• **Your objective**
Please repeat exactly the lines below from the one containing "Kate Spade The" down to the one containing "Tennis ITF W15", both included, and nothing else.

• **Available data**

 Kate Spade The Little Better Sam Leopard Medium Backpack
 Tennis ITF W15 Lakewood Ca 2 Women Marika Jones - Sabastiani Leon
...
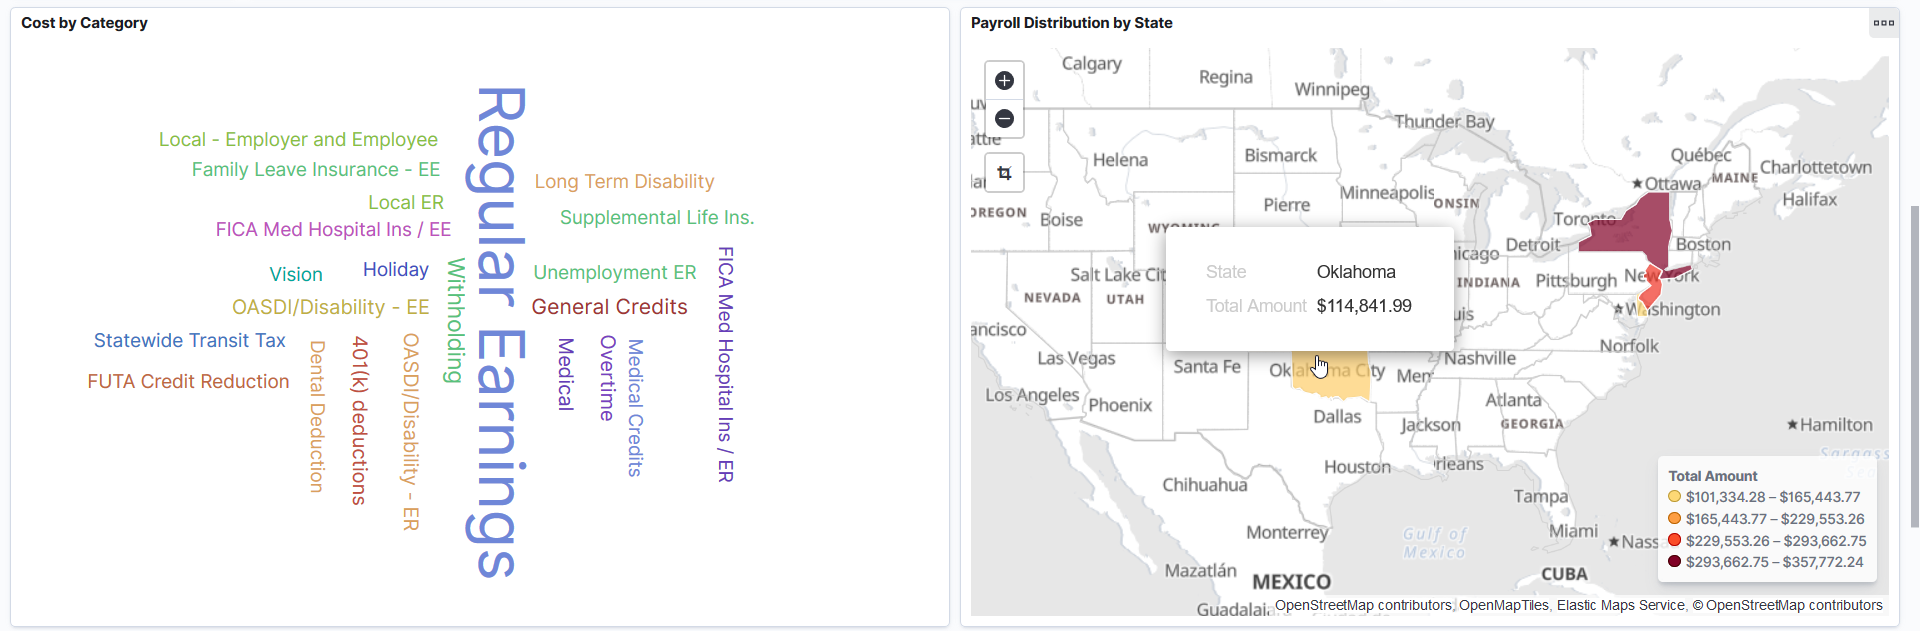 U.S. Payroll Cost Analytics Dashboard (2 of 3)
==
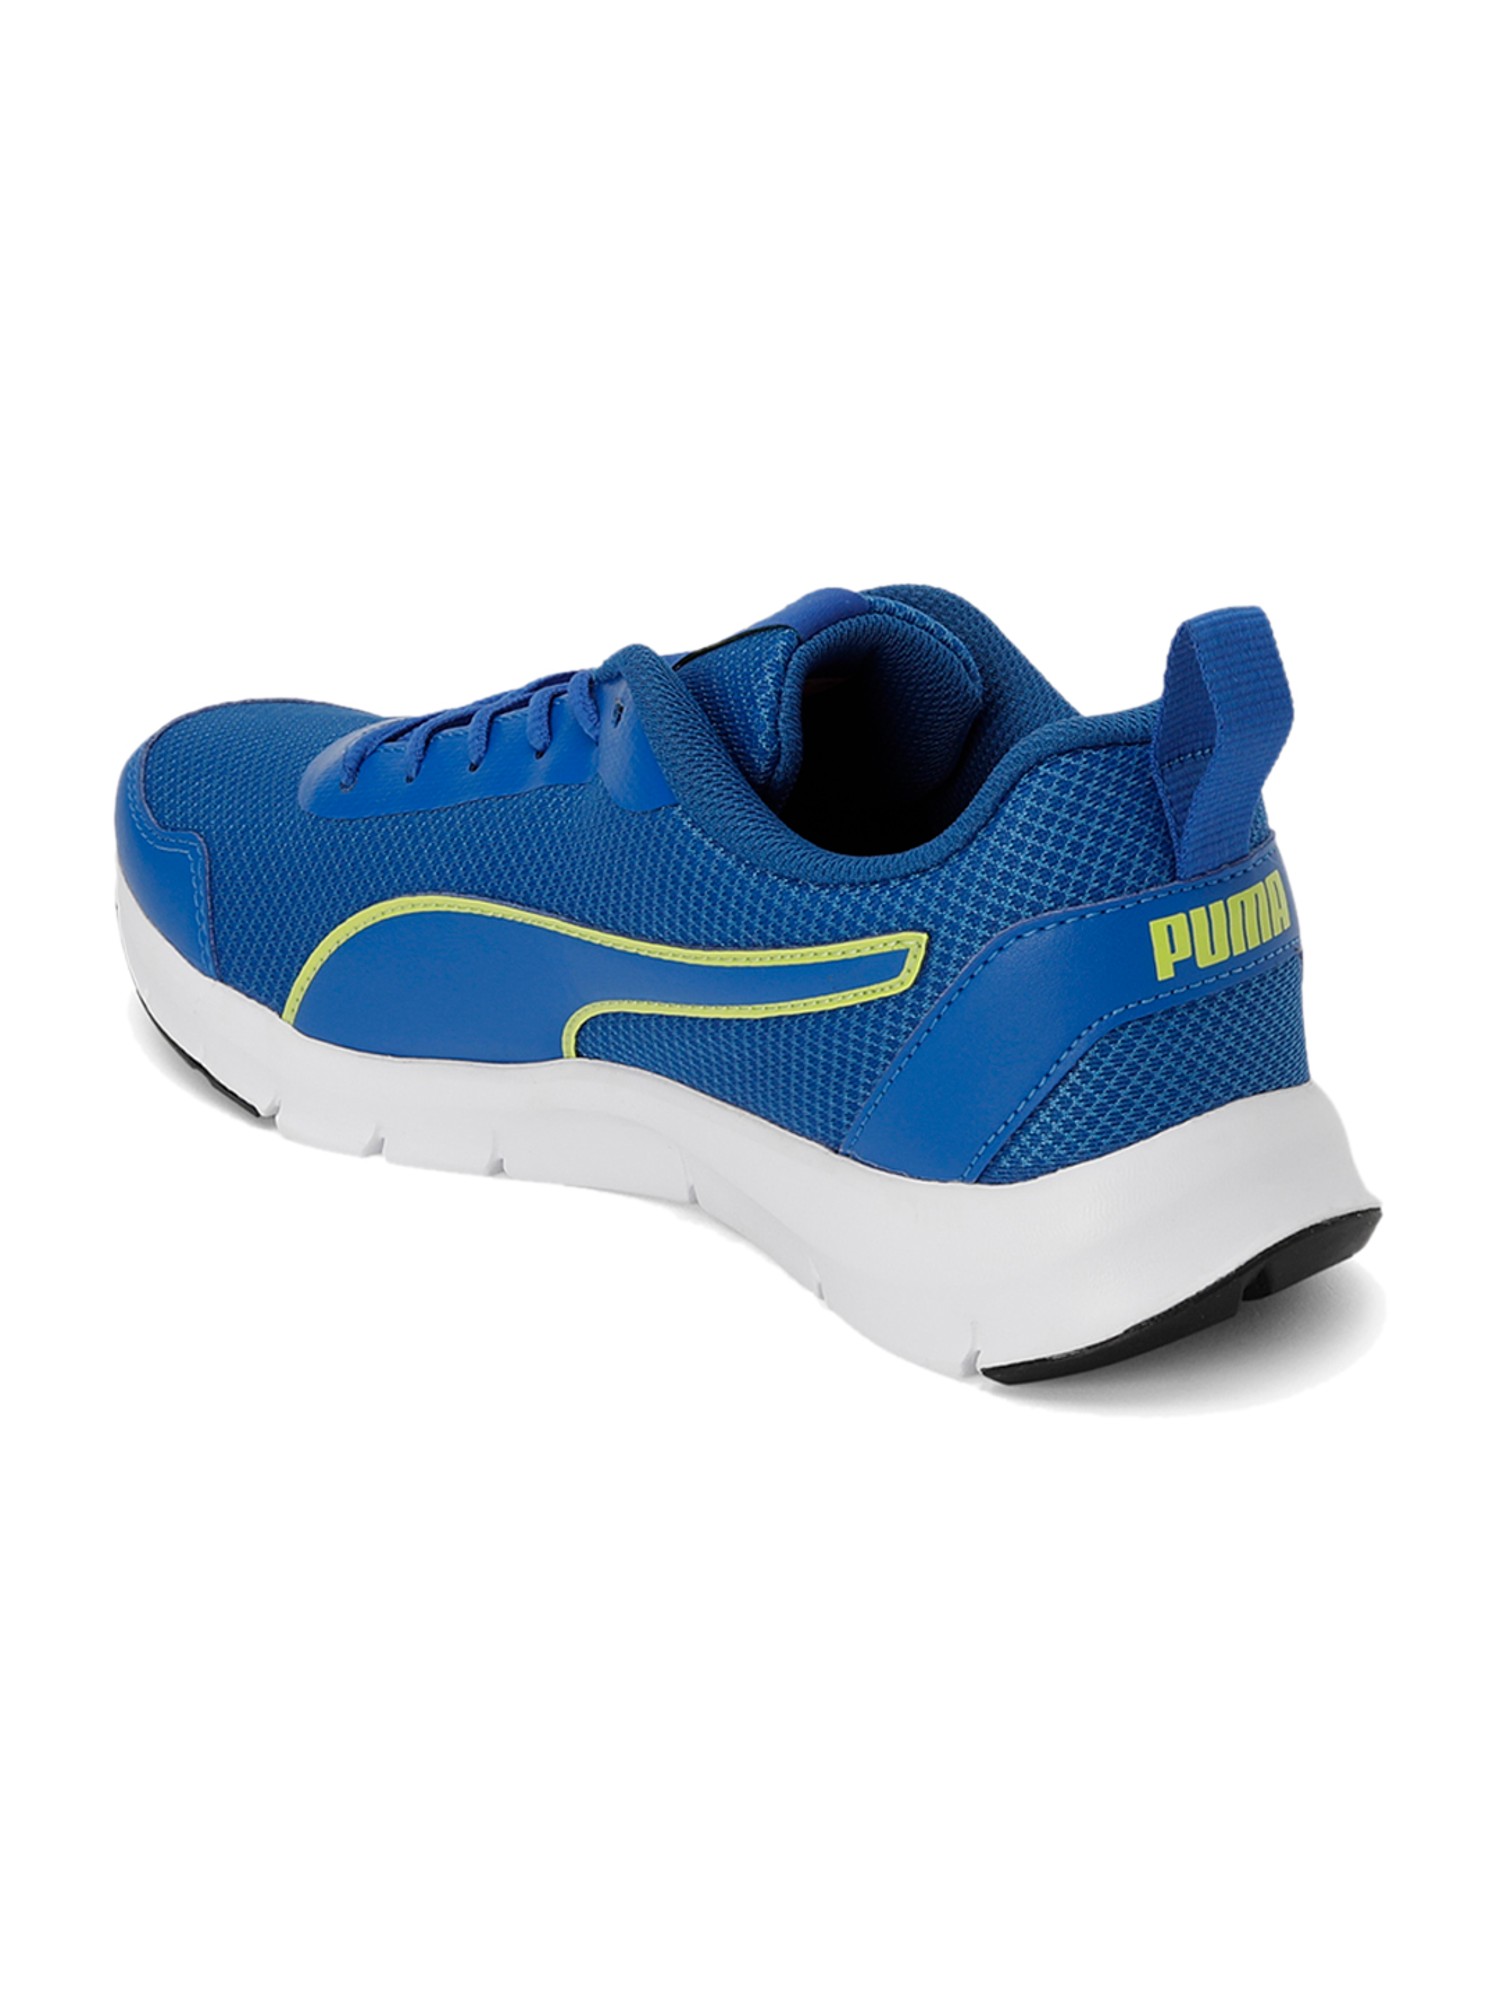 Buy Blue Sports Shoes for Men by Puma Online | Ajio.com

• **Response for this exercise**
 Kate Spade The Little Better Sam Leopard Medium Backpack
 Tennis ITF W15 Lakewood Ca 2 Women Marika Jones - Sabastiani Leon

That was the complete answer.